The State Prosecution Office, represented by Attorney General Mitch Amin, also presented before the Court of Justice Nirzar Desai that Setalvad was “a tool in the hands of certain politicians of a particular political party,” referring to Congress leader Ahmed Patil, who died in 2020.

In turn, he asserted, Setalvad made two police officers, her former co-accused IPS Sanjiv Bhatt and retired DGP RB Sreekumar, “tools”, motivated by “her vision (on)
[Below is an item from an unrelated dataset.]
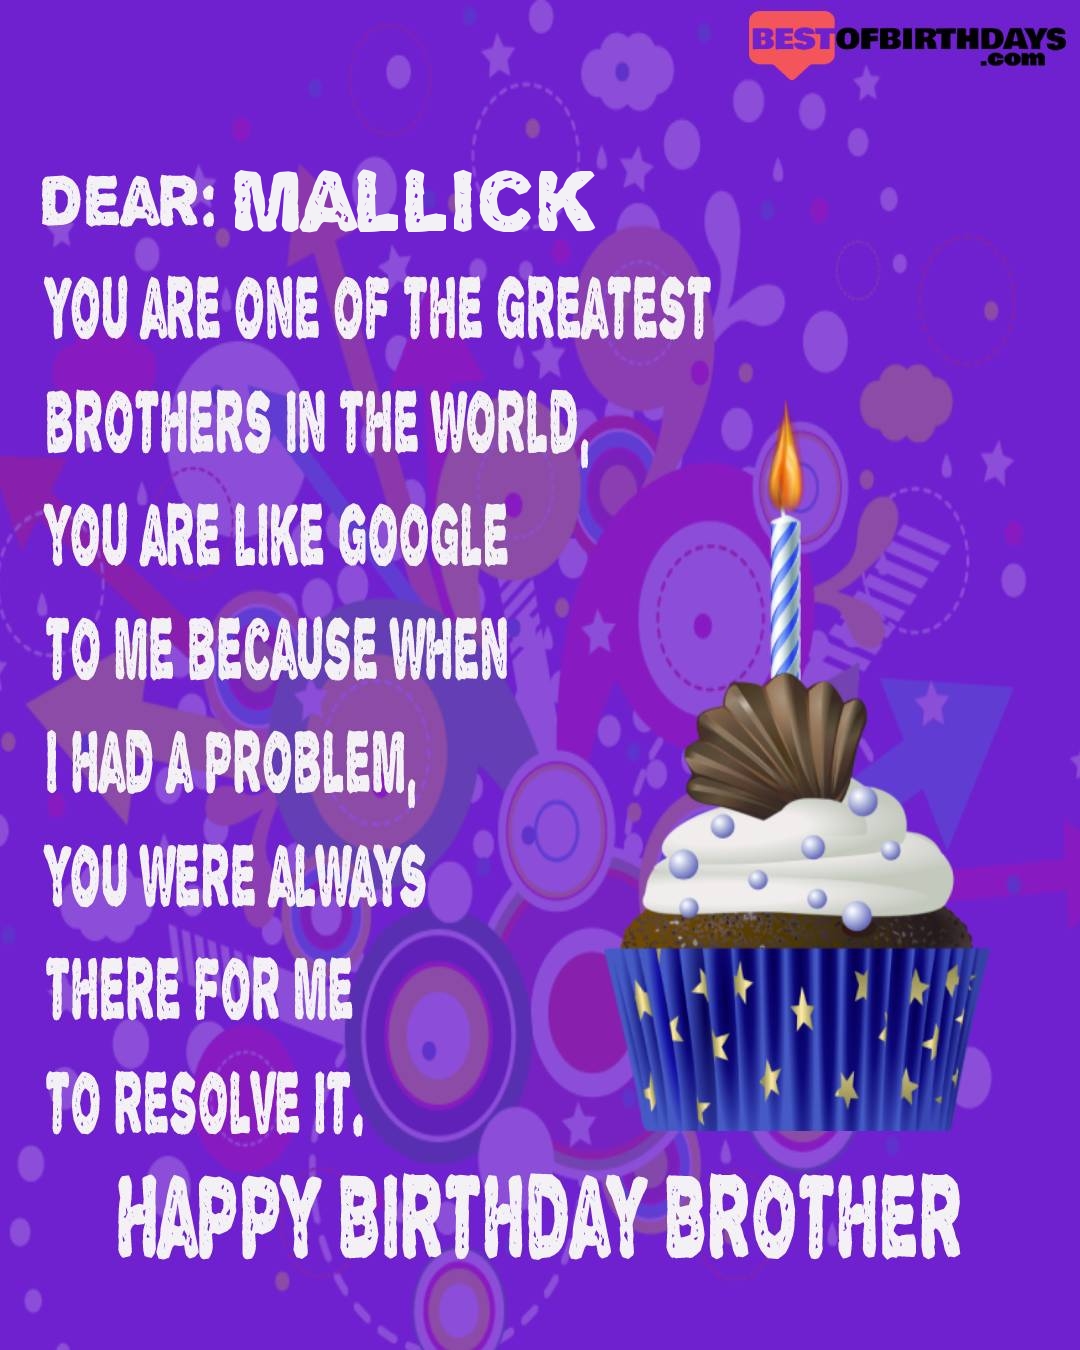 Happy birthday mallick bhai brother bro

that the current establishment (in 2002, when Gujarat CM was Narendra Modi) had gone bankrupt, was facing problems and had tarnished its image in the society.” Amin submitted that Ahmed Patel had paid INR 30,000 to Setalvad to ensure inclusion and overthrow of the then-established establishment in the business. The 2002 Gujarat riots, he added, added that after the money started flowing in, there came a phase where FIRs were recorded against certain people but it was of no importance to Setalvad on whether they were prosecuted or punished.

“…what their motive was seeing that the creation of that time was over. Accordingly, they were looking for a complainant who could be the complainant to publish that. So eventually the first choice fell on the father of the deceased Haren Pandya, who is Vitalbhai Pandya, who was wronged for reasons known to him, against the highest functionary of the state (then CM Modi). Submit the claim. The prosecution will continue its arguments on Thursday.